We had a taste of that earlier when we had to pull Matty Lees out with a sore throat and then Dom Peyroux was sick a week later. That is going to continue throughout the season and we have to have the mentality of just being able to crack on but at the same time limiting the impact of infection.

We have not had any positive Covid cases here at all yet, but we have had a couple of blokes report ill with symptoms and until they got a negative test then we could not consider playing them.
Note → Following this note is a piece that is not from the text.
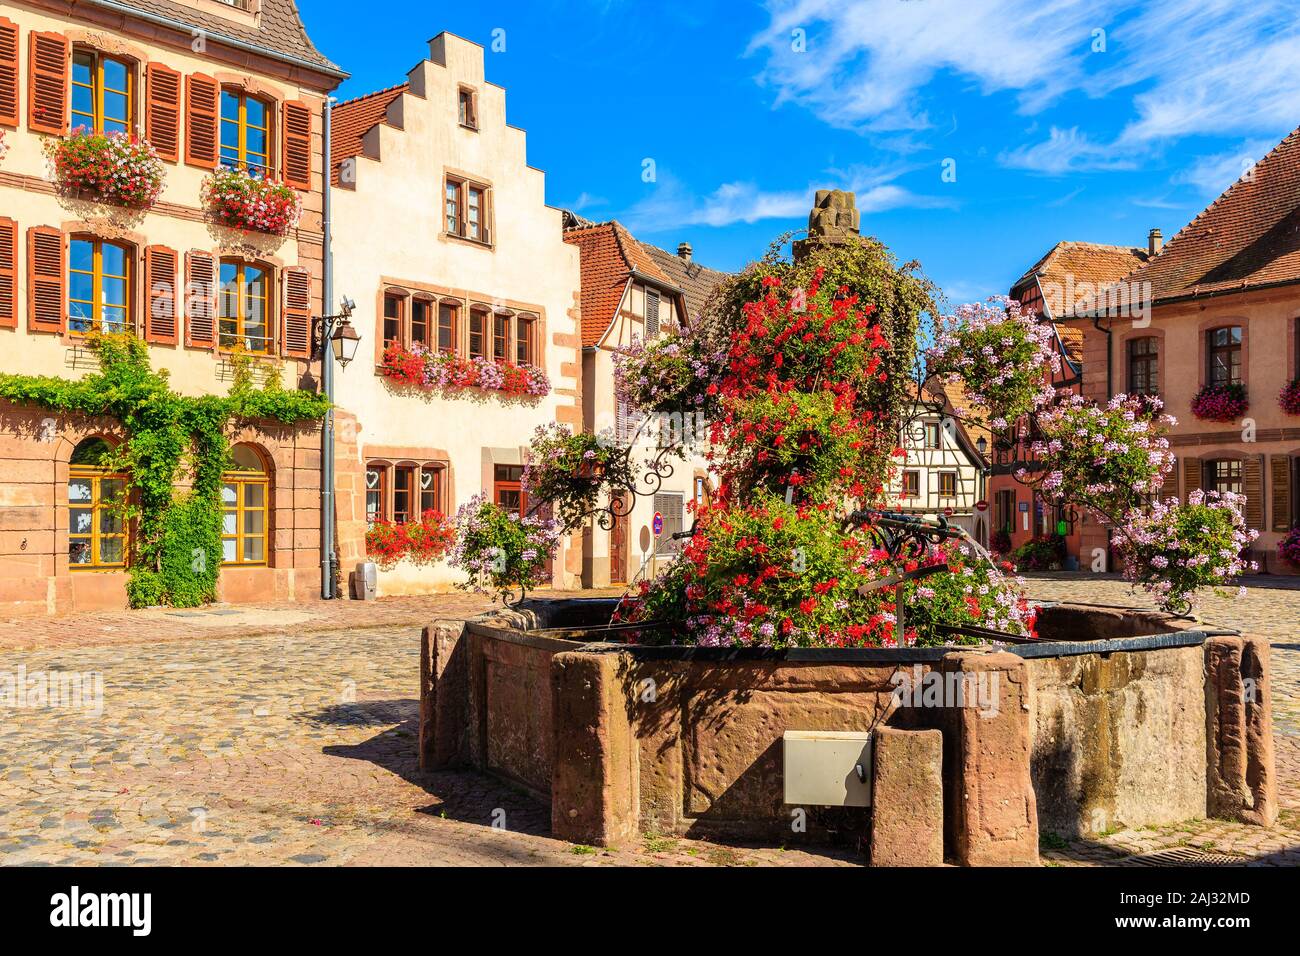 Case colorate sulla piazza di Bergheim villaggio sul vino Alsaziano percorso, Francia Foto Stock

We are under strict guidance – observing restrictions around using private gyms, pools and any potential close contact with members of the public that are outside of our bubble, or family members.

St Helens Star:

MC: How will that change when the players and coaches send their kids back to school?

KW: That will present another little challenge – but we have to trust the government advice that the kids don’t tend to carry the virus as much as adults even if they have the potential to.

We also have to trust that the schools are creating a safe environment.

That won’t be bullet-proof but we have to have some trust there.

It will present some challenges when we get sick kids and what we are going to have to do is make sure we have a testing programme where we can figure out really quickly whether Covid is a possibility and if it is then that is going to stop people, whether staff or players, from playing or being a part of training for that period.